At that moment, it occurred to me that I hadn’t seen her pills lying around the bathroom for a while. They seem to have decided to try for a baby. Not that it worries me. On the contrary, it gives me ideas.

I let them head back to Paris at their own pace. I waited around until noon, when the estate agent closed for the day. The house in the window is marked
SOLD
. Fine. It will mean spending weekends in the country. Why not?

January 17

Ideas are curious things. They evidently come from a certain receptiveness of mind. So, the day before yesterday, as I was wandering aimlessly around their apartment, I began leafing through some books Sophie has stacked next to the desk in the study.

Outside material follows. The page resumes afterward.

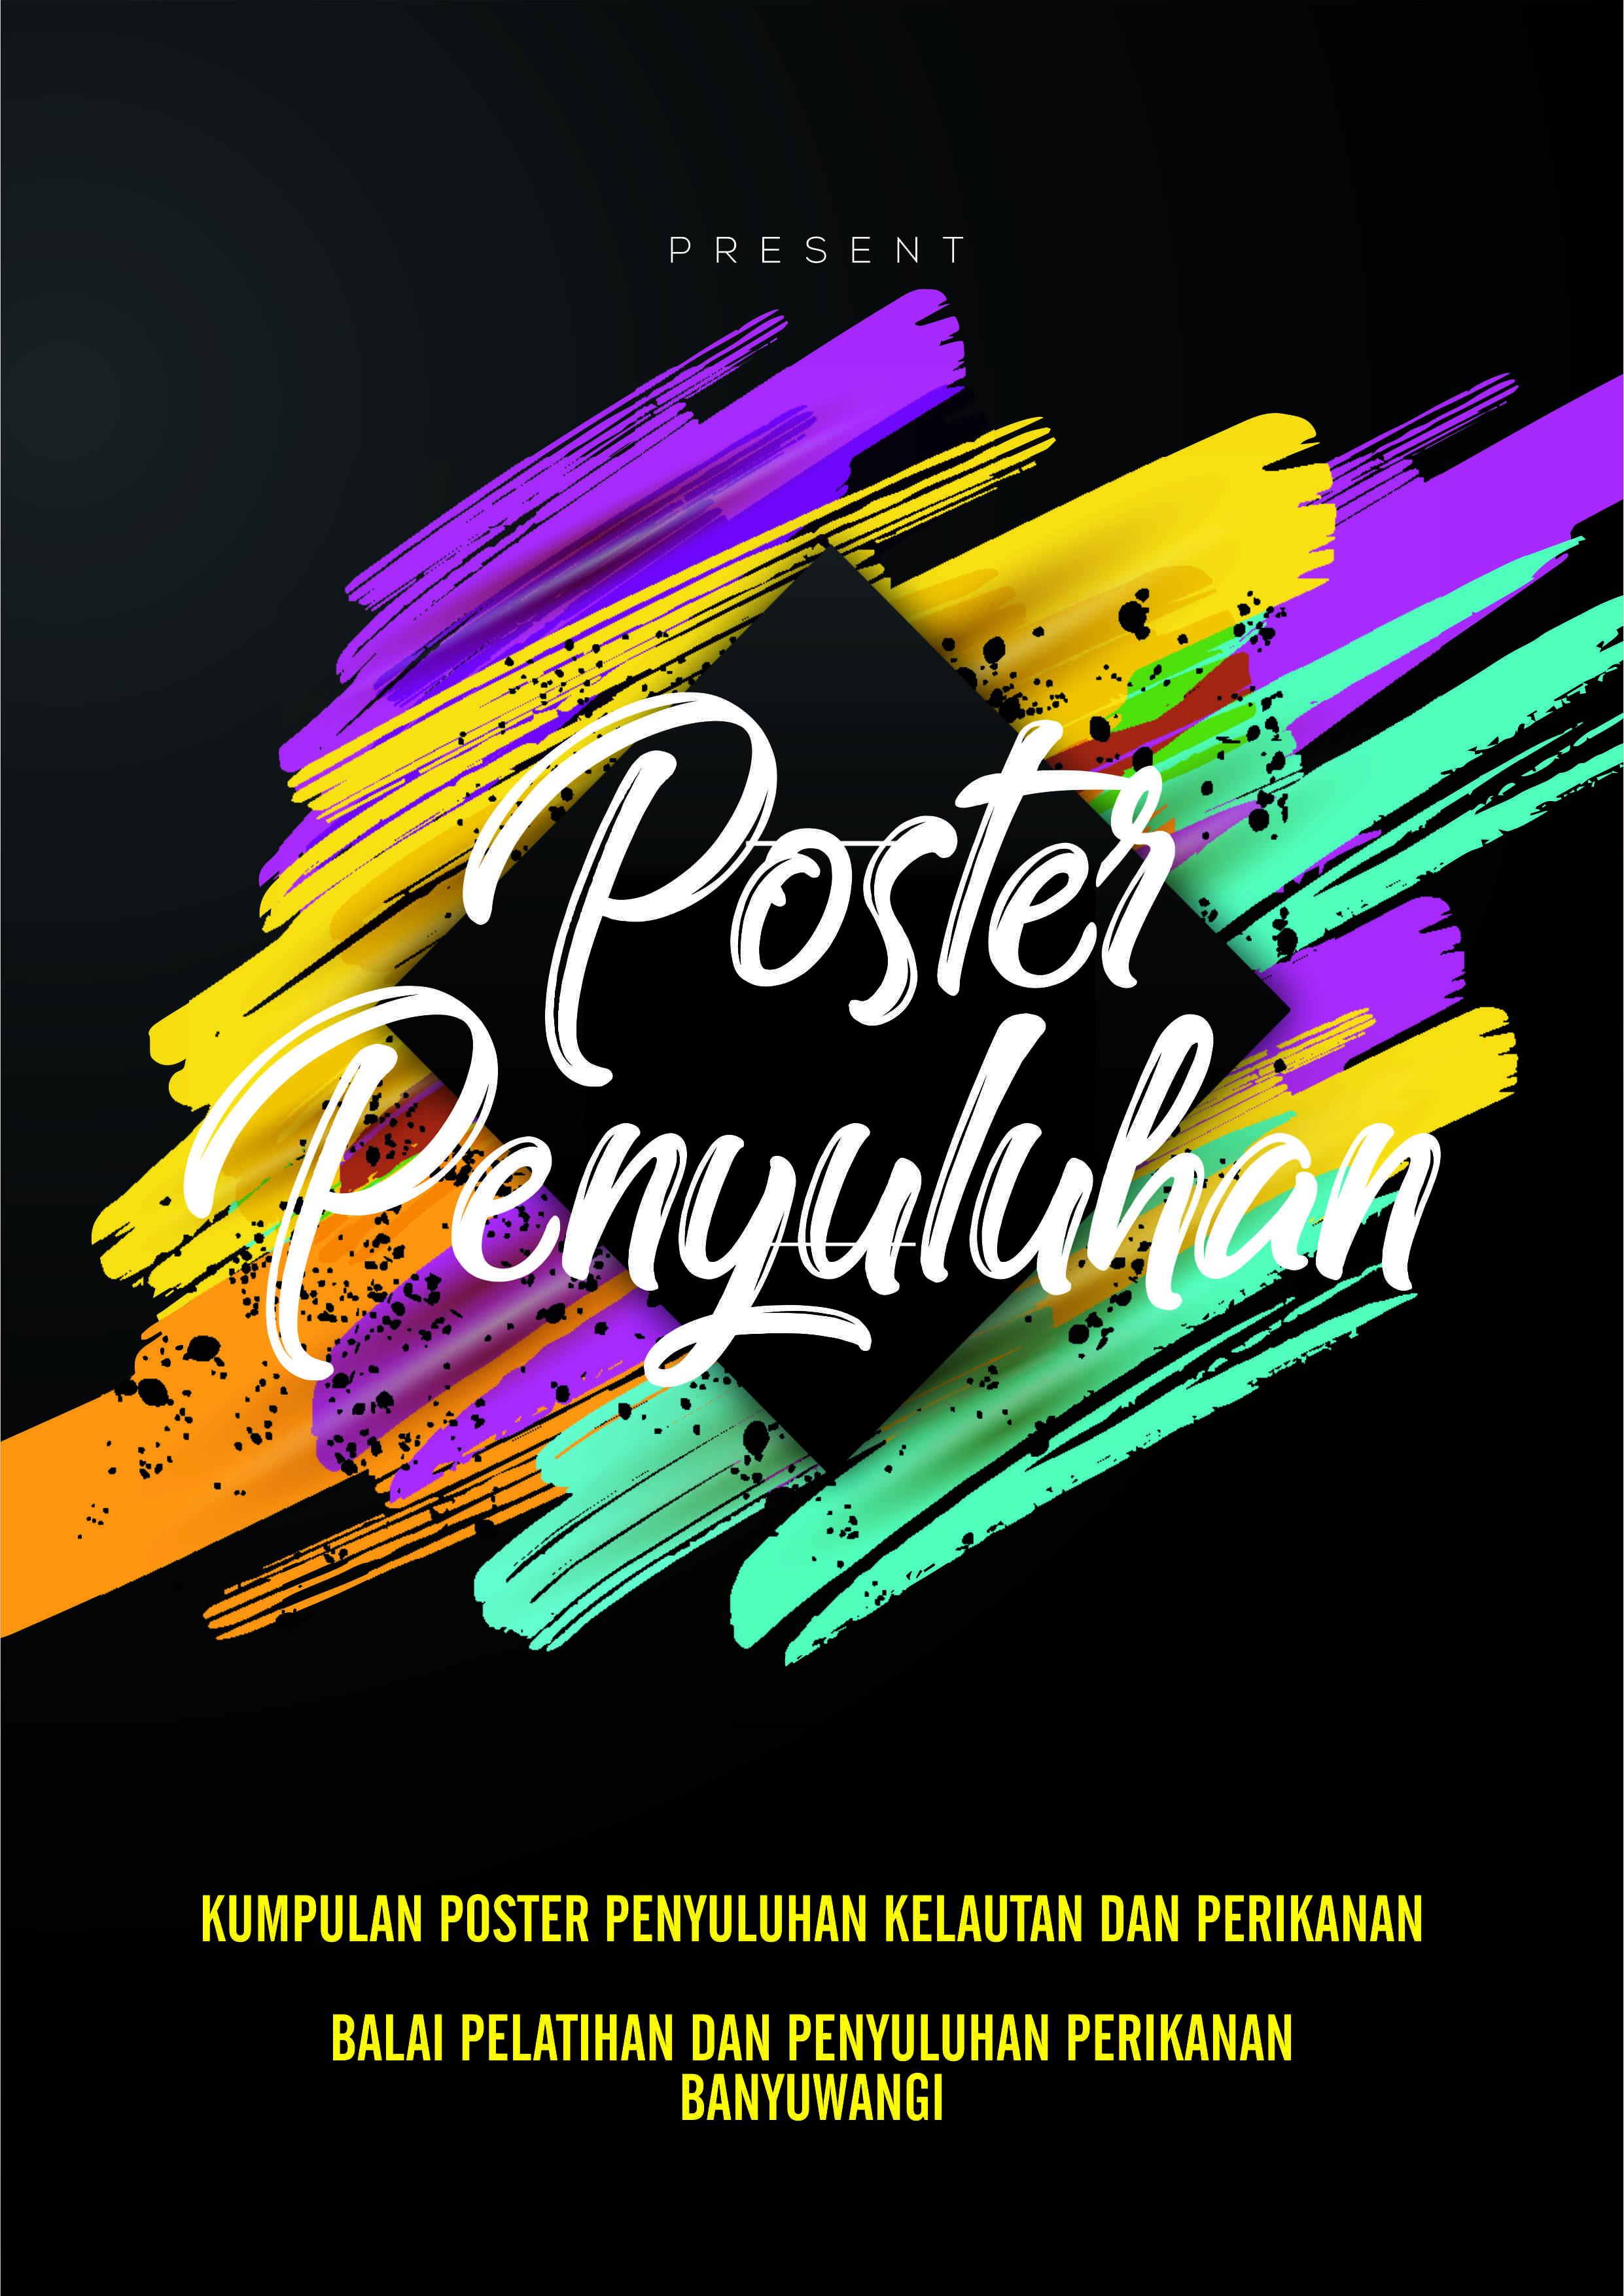 poster_penyuluhan_cover.jpg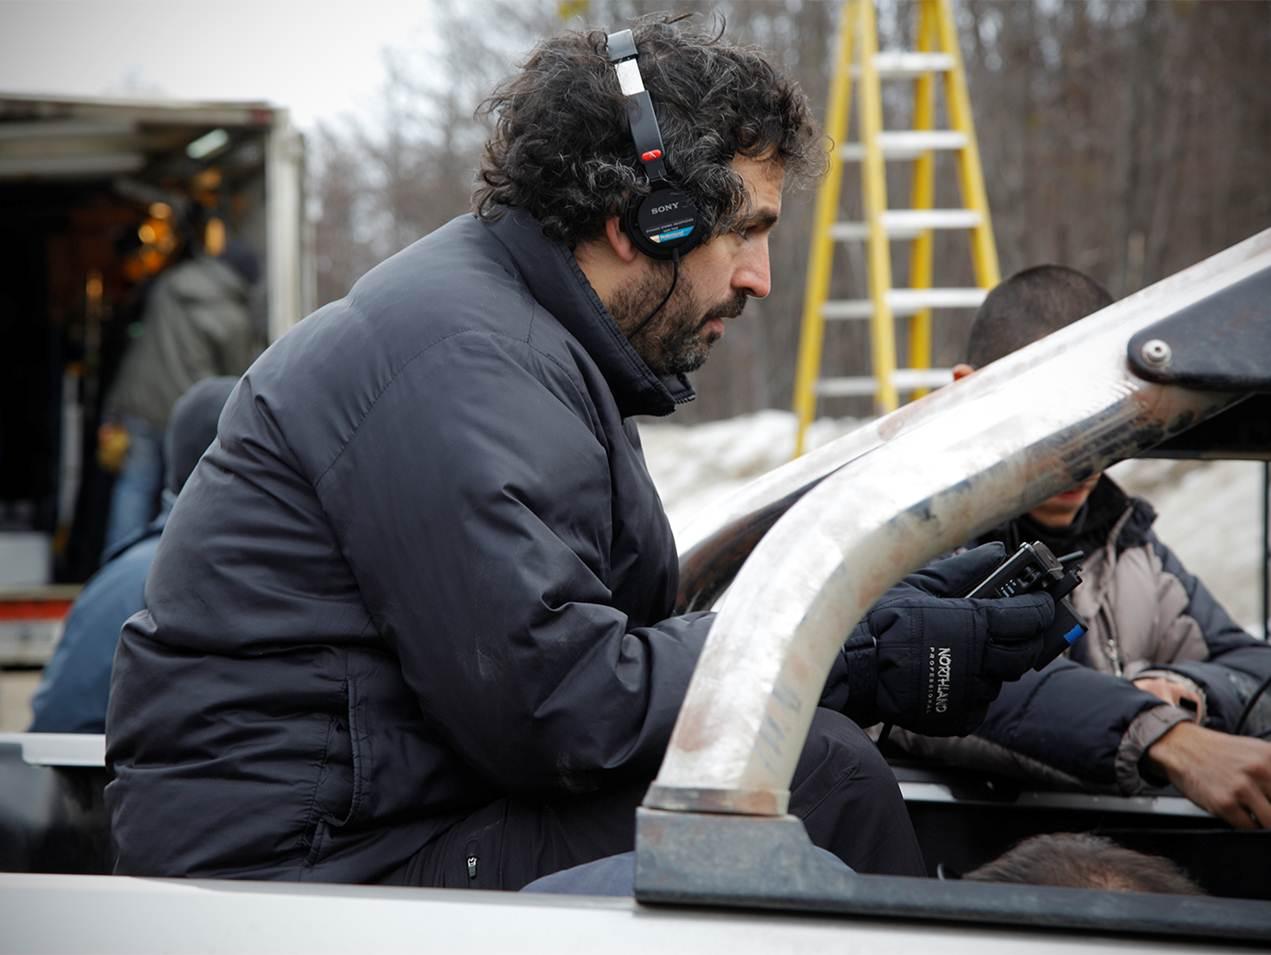 La ricostruzione: il regista Juan Taratuto sul set del film

Almost at the bottom of the pile, there were two titles from the Press Research Library: a monograph about the journalist Albert Londres, and a
French–English Glossary of Media and Marketing Terms
. Both borrowed on the same day. I returned them. There is an “express counter” where people in a hurry can simply deposit their books. It saves time. I found it very practical.

January 18

Something else to put in her notebook: Sophie somehow missed two final demands for the phone bill. Now they’ve been cut off. Vincent isn’t happy. Sophie is crying. Things are bad at the moment, they argue a lot. For all that, Sophie is doing her best to pay careful attention to her actions, to Vincent, to everything
– she may even be trying not to dream. She contacts her therapist to see whether she can bring her next appointment forward. Her sleep patterns are chaotic, they fluctuate wildly, some nights she feels as if she has slipped into a coma, other nights she cannot get a wink of sleep. She spends long hours standing at the open window, smoking. I’m worried she’ll catch a cold.